Jonathan 02.24.06 at 11:36 am

The search algorithm and Zeno effect were the two things I found unusually mysterious out of the host of treasures.

Take the average humanities PhD as an example. Have that worthy read the Nature paper. Then read all of the references. Then read of the references’ references. Stop only when you get to something you’ve read before. What’s the average nesting distance?


garymar 02.24.06 at 12:04 pm

Experimenting with two slits and a chained Zeno effect? Count me in!

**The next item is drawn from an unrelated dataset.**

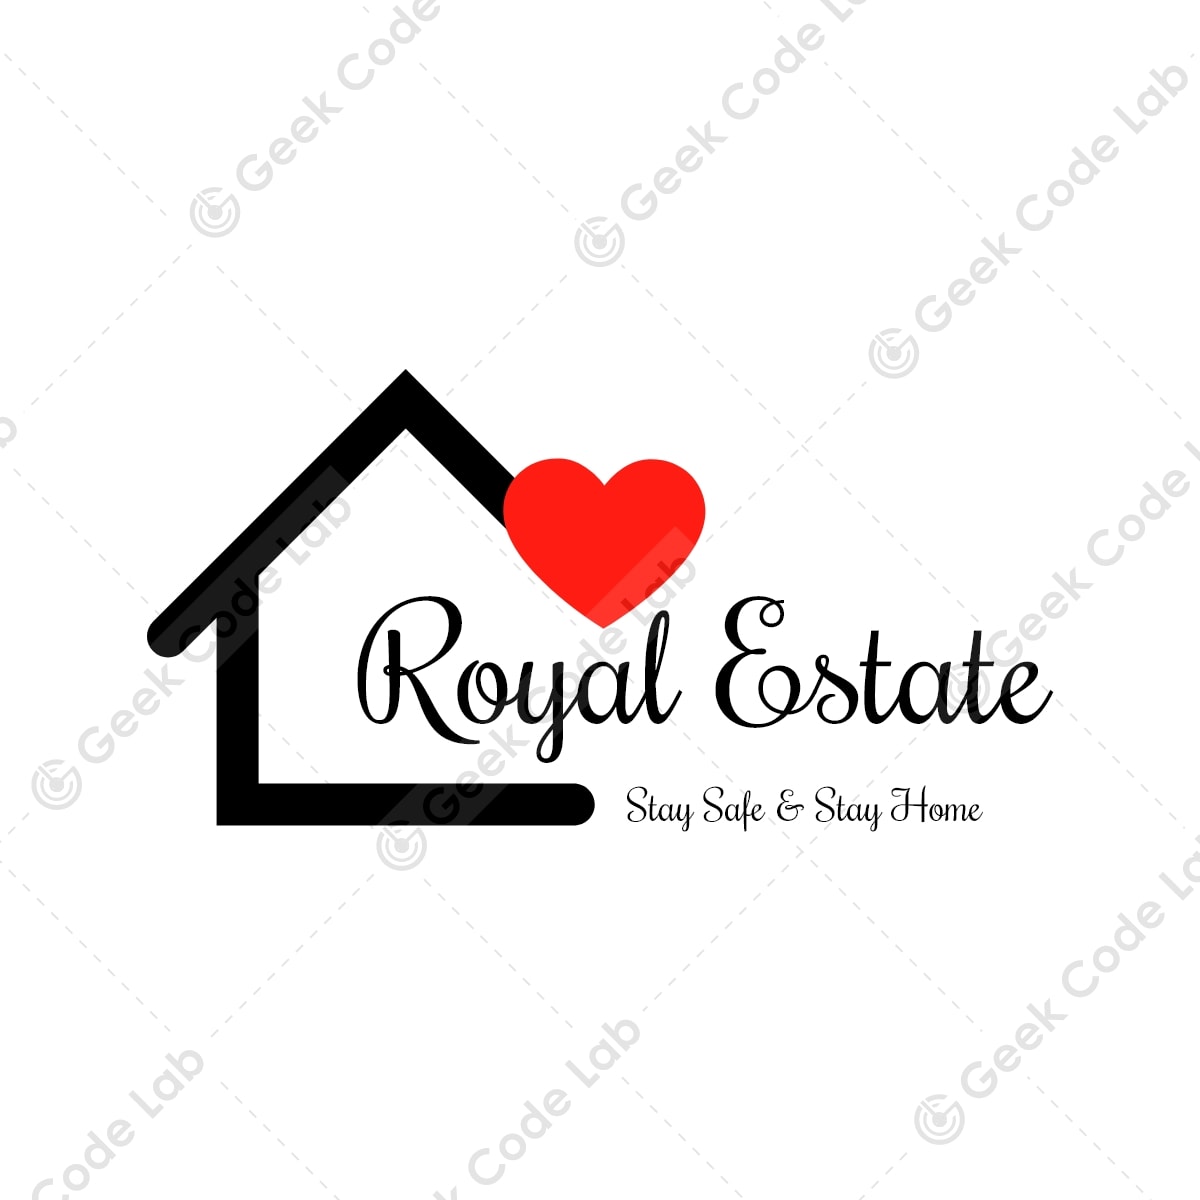 Royal Estate

dipnut 02.24.06 at 3:00 pm

What the…? I did NOT write this comment!


Todd 02.24.06 at 7:16 pm

I can tell you exactly how transistors work, at the electron/semiconductor physics level. But there’s a mysterious “then a miracle occurs” step two in my understanding going from that to an actual chip doing calculations.

Really? That’s when it gets easy. At that point, it’s boolean logic all the way up.


Dan 02.24.06 at 10:28 pm

People who understand this experiment: where would you point us baffled non-physicists to get the hang of it?

I have a hard time finding anything between newspaper articles and popular science books (comprehensible, but only because they skip all the awkward bits, and make up with analogies and hand-waving), and the papers explaining the details (too much specialised math for the likes of me).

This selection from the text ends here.